Not: Yes, the feared catastrophe will happen.
But:
“Yes, this sensation is here now. Yes, my body is doing this right now. I let it happen.”
I did not only think this yes – I expressed it physically. I nodded my head and kept saying:
Yes. Okay. This is how it is now.
When a frightening new thought appeared, I said yes to that too. When my heartbeat grew stronger, dizziness or restlessness came, I nodded again.
The panic was allowed to be there. Gradually, it lost its power.
Why no special technique is needed
Many tips against panic are not fundamentally wrong. Slow breathing, movement, fresh air, or cold water can feel helpful.

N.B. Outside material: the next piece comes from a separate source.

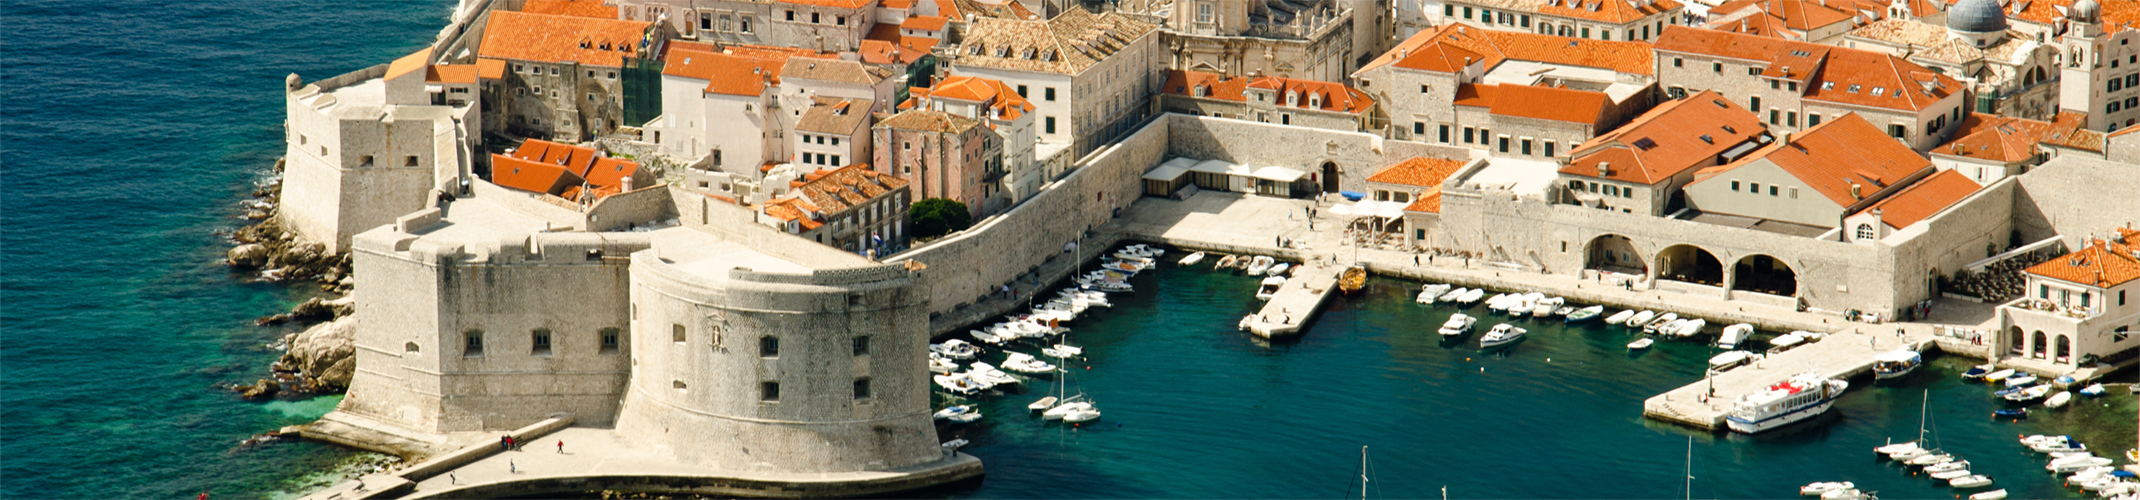 UNESCO Heritage Sites in Croatia

The problem arises when you start to believe:
“I can only get through a panic attack if this aid is available.”
But an attack can occur exactly where you have little room to act: on a plane, in a stuck subway, in a crowd, or in a situation you cannot simply leave.

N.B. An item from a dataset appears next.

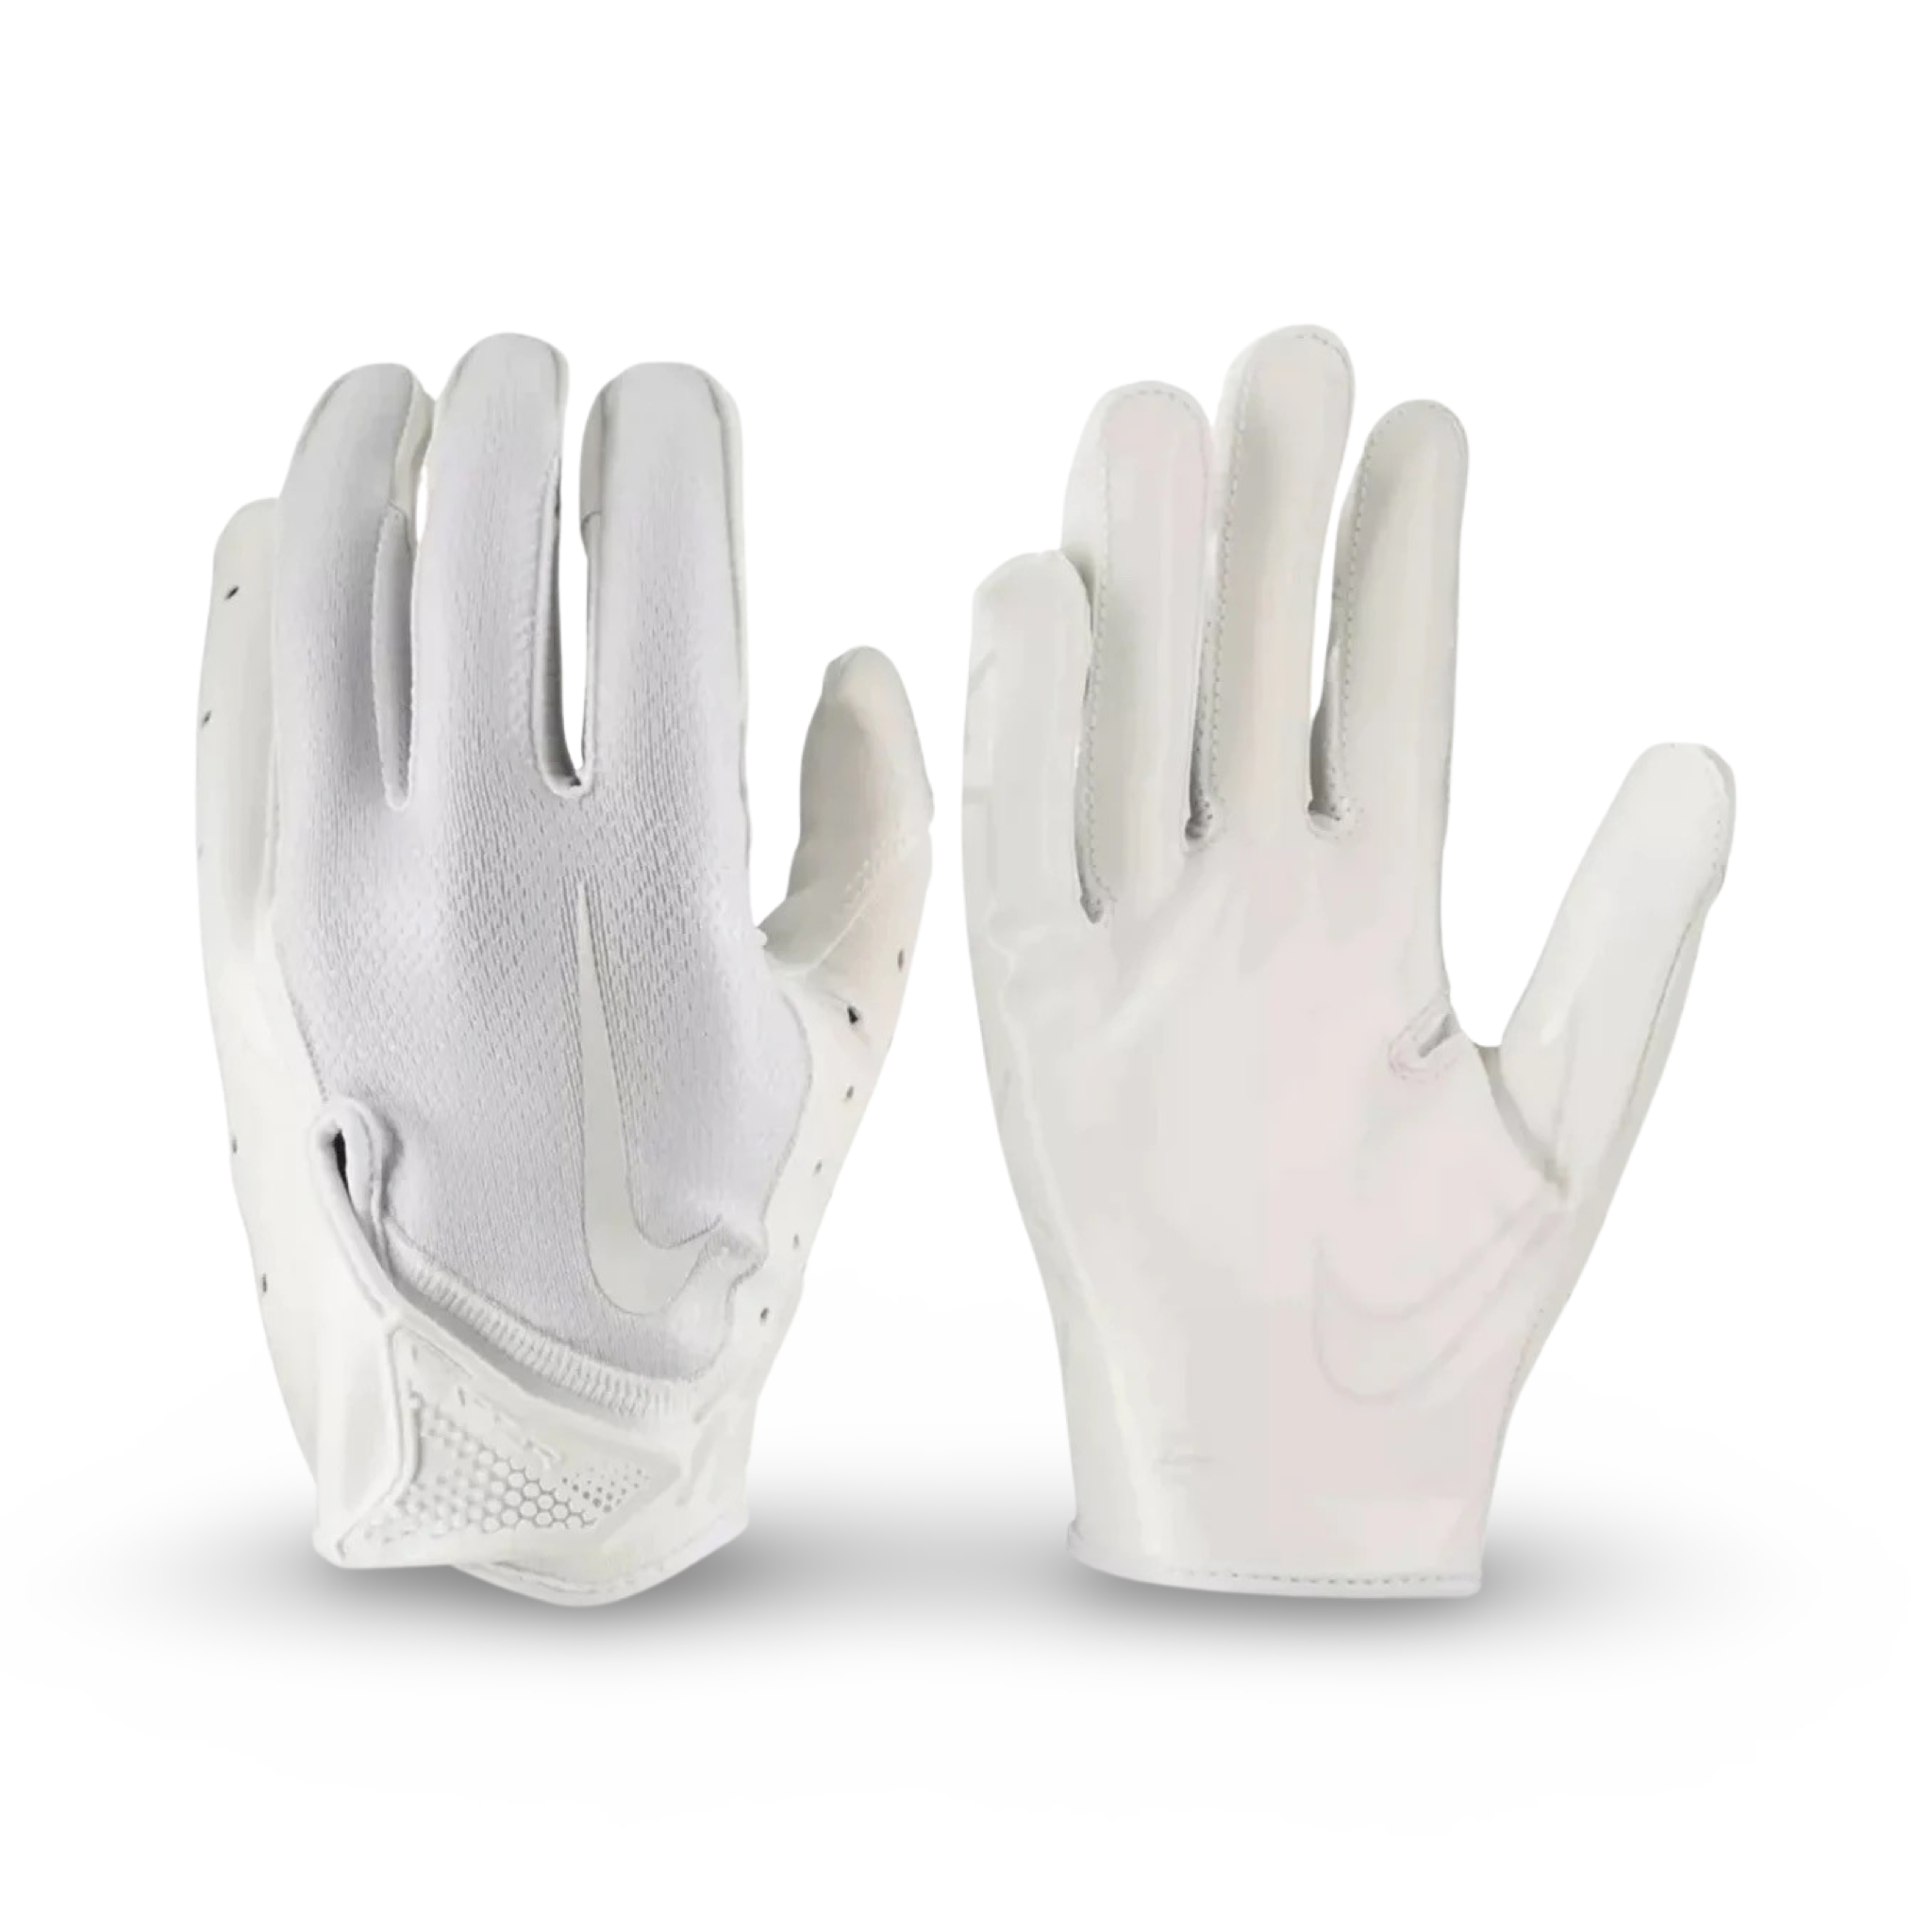 Nike Men's Vapor Jet 7.0 Football Gloves - All white

Then the missing aid itself becomes a new reason for panic.
Saying yes, by contrast, needs no preparation and no external conditions. I can do it anywhere. It moves me out of the role of someone desperately waiting to be rescued and back into an active position:
I choose not to fight what is happening anyway.
What I observed afterwards
I later shared this simple approach with other people experiencing anxiety and panic. They too reported that this shift in perspective helped them.
That does not mean every panic disorder is resolved with a single sentence. Recurring attacks can be driven by stress, avoidance behaviour, or other psychological and physical factors that need additional treatment.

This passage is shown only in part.